In addition, periods of controversy and politics often have interrupted the production of sapphire from Madagascar and inhibited the country’s ability to provide a steady supply. Nonetheless, today Madagascar remains one of the most important suppliers of fine-quality blue sapphires and other gems for the gemstone and jewelry trade.18
Several other countries also possess reserves of sapphire that show promise. These include Brazil, Colombia, Laos, Nigeria, Rwanda, Vietnam, Nepal and Pakistan.5,19,20,21

TURNING UP THE HEAT
Much of the gem-quality sapphire available in the market today is heated. Prior to the early 1970s, sapphire heating was restricted to the age-old blow-pipe method and an open flame. However, a chance discovery demonstrated how pale-blue-to-white sapphire could be heated at higher temperatures, under certain conditions, to dramatically improve the color and clarity of a piece of rough. The story of this discovery has become near-legend and varies in its telling, depending on the source. Some say it was a Swiss company that discovered the secret.5  However, most tales generally revolve around an accidental fire that took place in Chantaburi, Thailand, at the house of an important gem merchant. In the aftermath of the fire, sifting through the ashes of what had been his home and place of business, the Thai gem dealer found hordes of previously discarded low-quality sapphire that had miraculously become crystal clear, with a vibrant blue color, in the heat of the fire.  This tale maybe fact or fiction, but it is fact that during the 1970s  Thailand became known for low-grade sapphire, locally known as geuda, to produce sapphires of a strong blue color.   Today there are many sub-classifications of geuda such as, milky, silky, diesel and others – which the treaters distinguish and heat under specific conditions.5,22

This heating can improve the clarity of a stone by dissolving fine inclusions that reduce transparency and greatly enhance the color by enabling the pairing of iron and titanium atoms to occur, which is the mechanism responsible for the blue color in sapphire
(see “Key to Sapphire Chart”).

Blue sapphire, regardless of its origin, whether natural-color or heated, continues to be one of the most popular colored stones sold at retail. Although top, gem-quality sapphires from the world’s premier sources are becoming increasingly rare, newer deposits and improved heating procedures help to meet demand and promise additional, sustainable supplies for many years to come.


SAPPHIRE SOURCES
Deposits of gem-quality sapphire can be found in approximately 20 countries around the world. These deposits are not randomly distributed, but their locations are closely linked to major geologic events and plate tectonics. The preponderance of sapphire deposits occur in three geologic settings.
The first involves the orogeny or mountain-building event that is responsible for the creation of the Himalayan mountain chain— and several other associated mountain ranges— which occurred when the Eurasian and Indian plates collided approximately 55 million years ago. These sapphire deposits extend from the remote areas of Afghanistan, Pakistan and Kashmir in Northern India, through Nepal into Burma and across to Vietnam. Many of these areas are producers of gem-quality ruby as well. (See “Inside Rubies,” published in Rapaport Diamond Report, December 5, 2008,Vol. 31, No. 47.)

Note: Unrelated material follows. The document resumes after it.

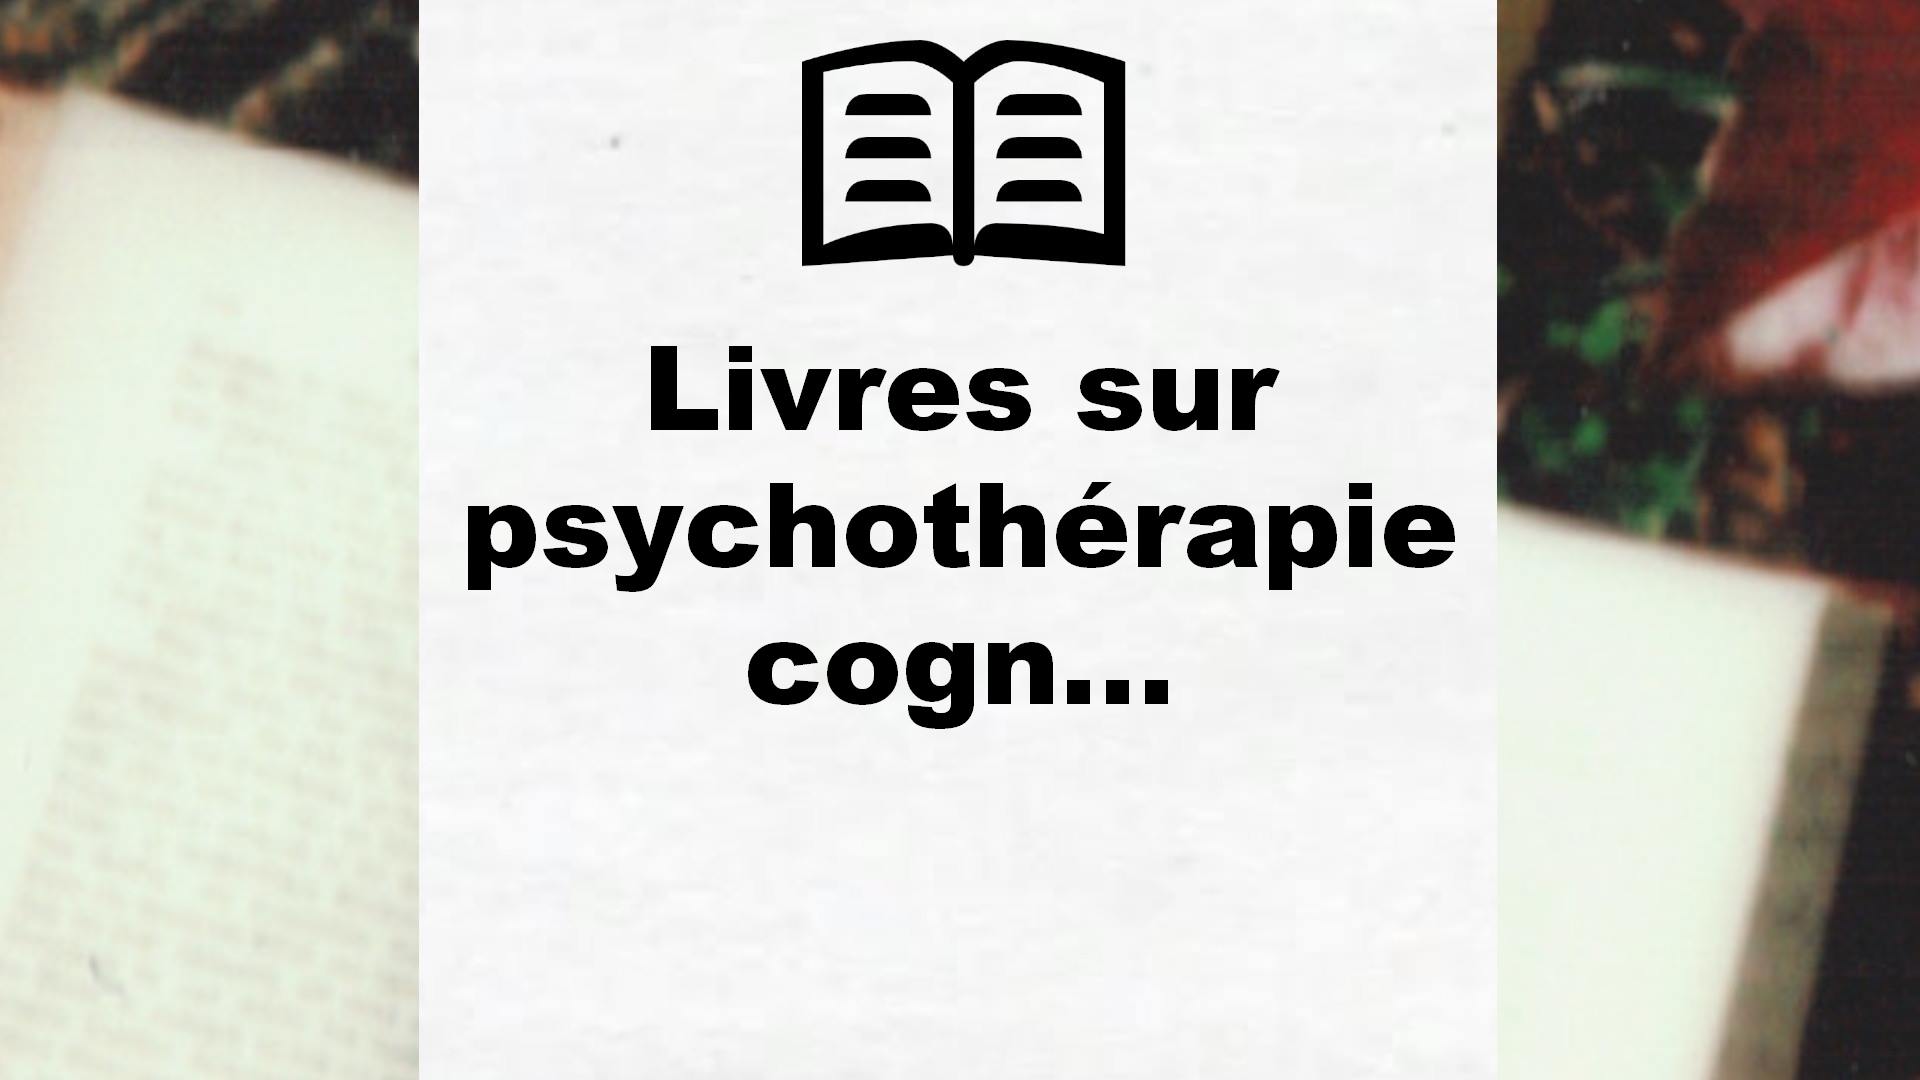 Livres sur psychothérapie cognitive

The second major geologic event that is responsible for a number of sapphire deposits, as well as other gems, includes the Pan-African orogeny, estimated to have taken place approximately 800 million to 450 million years ago. This mountain-building process occurred prior to the separation of a large landmass known as Gondwana, when what are presently Eastern Africa, Sri Lanka, Madagascar and India were all united. This event is responsible for the sapphire deposits of Sri Lanka, Madagascar, Kenya, Tanzania, Mozambique and others.
A number of sapphire sources are also associated with eruptive events at the continental margin of the Pacific plate’s western edge. Along this subduction zone, erupting alkali-basalt magmas have intersected sapphire occurrences and transported them to the surface. These sapphire sources include Thailand, Cambodia, Laos, Southern Vietnam and Australia. A number of other countries also have alkali basalt-hosted deposits— commonly referred to as basaltic deposits— that produce sapphires, including China, Colombia, Madagascar, Nigeria and Rwanda.
A seemingly random occurrence of sapphire from a different type of magmatic-related environment hosted by a lamprophyre rock has been found in the state of Montana, in the U.S.

THE GROWTH OF SAPPHIRE
Blue sapphire deposits found around the world have formed under either metamorphic or igneous/magmatic growth conditions. Metamorphism is when preexisting rocks are recrystallized without melting due to changes in temperature, pressure and/or chemical composition on a regional or local scale. A number of specific metamorphic environments are responsible for the growth of sapphires within individual countries or areas. Currently, it is generally accepted that the classical blue, green and yellow sapphires— sometimes referred to as BGY-series— recovered from magmatic or basaltic deposits, have not formed in the alkali-rich basaltic magma where they are found, but they do have an igneous origin. Researchers have proposed that corundum could crystallize directly from certain volatile-rich magmas that are silica-poor and alumina-rich rocks under restricted conditions present in the upper mantle.
Gem-quality sapphire deposits are typically categorized into two main groups: metamorphic and magmatic-related.
Metamorphic deposits: These sapphire deposits are primary sources, meaning these sapphires actually formed in the host rock in which they are found. The host rock is commonly a marble, schist or gneiss and can be associated with shear zones.
Magmatic-related deposits: These sapphires are found in magmas. Magmatic-eruptive events are technically only a secondary source because the erupting magma is merely the transport mechanism that brings the sapphires to the earth’s surface and not the host rock in which the sapphire formed. Since the sapphires are recovered at the surface in the magma flow, many people have incorrectly considered this type of deposit to be a primary source. However, it is more appropriately considered another kind of secondary deposit.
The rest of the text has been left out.